---------- Extracted material

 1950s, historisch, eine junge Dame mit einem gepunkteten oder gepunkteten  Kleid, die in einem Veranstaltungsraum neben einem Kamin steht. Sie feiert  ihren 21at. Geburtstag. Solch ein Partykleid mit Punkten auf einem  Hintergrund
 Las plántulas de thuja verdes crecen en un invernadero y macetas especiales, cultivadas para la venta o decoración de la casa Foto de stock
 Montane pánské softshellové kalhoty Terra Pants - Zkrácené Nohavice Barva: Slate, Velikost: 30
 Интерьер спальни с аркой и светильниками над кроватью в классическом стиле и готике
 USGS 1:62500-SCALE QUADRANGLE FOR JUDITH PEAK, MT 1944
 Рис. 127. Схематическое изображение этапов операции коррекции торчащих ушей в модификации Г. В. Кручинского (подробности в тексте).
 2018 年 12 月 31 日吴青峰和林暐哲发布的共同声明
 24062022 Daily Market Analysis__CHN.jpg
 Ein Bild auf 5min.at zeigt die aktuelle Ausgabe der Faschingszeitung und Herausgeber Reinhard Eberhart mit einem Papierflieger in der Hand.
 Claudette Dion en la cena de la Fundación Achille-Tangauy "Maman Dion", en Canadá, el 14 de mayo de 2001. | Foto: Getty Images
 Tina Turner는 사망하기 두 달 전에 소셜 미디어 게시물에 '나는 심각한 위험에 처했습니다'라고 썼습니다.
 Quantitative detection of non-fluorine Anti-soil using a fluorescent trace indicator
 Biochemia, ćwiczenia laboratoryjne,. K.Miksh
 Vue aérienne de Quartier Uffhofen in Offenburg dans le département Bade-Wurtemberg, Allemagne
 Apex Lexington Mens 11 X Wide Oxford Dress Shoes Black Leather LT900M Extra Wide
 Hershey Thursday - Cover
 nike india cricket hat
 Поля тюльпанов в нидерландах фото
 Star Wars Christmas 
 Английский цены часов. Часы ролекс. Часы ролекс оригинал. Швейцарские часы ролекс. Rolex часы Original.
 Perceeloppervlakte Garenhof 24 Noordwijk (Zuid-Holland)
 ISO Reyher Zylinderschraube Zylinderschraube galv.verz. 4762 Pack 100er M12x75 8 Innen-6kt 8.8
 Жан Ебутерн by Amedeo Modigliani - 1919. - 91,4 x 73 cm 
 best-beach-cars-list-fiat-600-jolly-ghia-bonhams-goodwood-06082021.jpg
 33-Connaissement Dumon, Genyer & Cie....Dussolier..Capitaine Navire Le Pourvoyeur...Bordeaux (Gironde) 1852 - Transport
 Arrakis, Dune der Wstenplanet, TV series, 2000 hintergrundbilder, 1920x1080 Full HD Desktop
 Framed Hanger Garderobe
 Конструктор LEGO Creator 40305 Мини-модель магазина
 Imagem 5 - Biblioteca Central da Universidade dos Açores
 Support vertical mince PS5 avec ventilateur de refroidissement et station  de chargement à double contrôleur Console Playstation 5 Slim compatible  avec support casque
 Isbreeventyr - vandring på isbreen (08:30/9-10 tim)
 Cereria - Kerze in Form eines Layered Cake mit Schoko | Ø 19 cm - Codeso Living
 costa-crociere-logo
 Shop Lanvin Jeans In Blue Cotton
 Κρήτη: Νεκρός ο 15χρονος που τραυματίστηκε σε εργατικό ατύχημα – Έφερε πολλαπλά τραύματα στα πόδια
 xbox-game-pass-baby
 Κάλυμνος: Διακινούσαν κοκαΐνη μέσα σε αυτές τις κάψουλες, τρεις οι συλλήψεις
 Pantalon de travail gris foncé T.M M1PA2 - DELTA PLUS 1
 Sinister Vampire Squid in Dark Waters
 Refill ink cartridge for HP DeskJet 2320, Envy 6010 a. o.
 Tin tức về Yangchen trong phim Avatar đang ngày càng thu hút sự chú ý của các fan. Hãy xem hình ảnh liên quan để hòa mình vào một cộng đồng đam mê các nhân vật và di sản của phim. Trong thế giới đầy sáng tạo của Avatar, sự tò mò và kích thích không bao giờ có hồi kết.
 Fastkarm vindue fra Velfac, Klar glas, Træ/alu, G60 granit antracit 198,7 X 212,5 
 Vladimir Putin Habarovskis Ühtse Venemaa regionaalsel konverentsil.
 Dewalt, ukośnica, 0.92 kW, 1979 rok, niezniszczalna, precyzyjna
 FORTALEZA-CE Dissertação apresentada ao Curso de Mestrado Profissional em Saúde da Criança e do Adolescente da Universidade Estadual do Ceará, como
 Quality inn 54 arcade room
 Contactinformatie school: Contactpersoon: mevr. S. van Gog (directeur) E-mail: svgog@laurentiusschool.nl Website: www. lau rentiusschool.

--------------------

## Work to complete
Counting only lines that contain the word "Foto", how many are there in the records above? Give the number alone.

## Output
2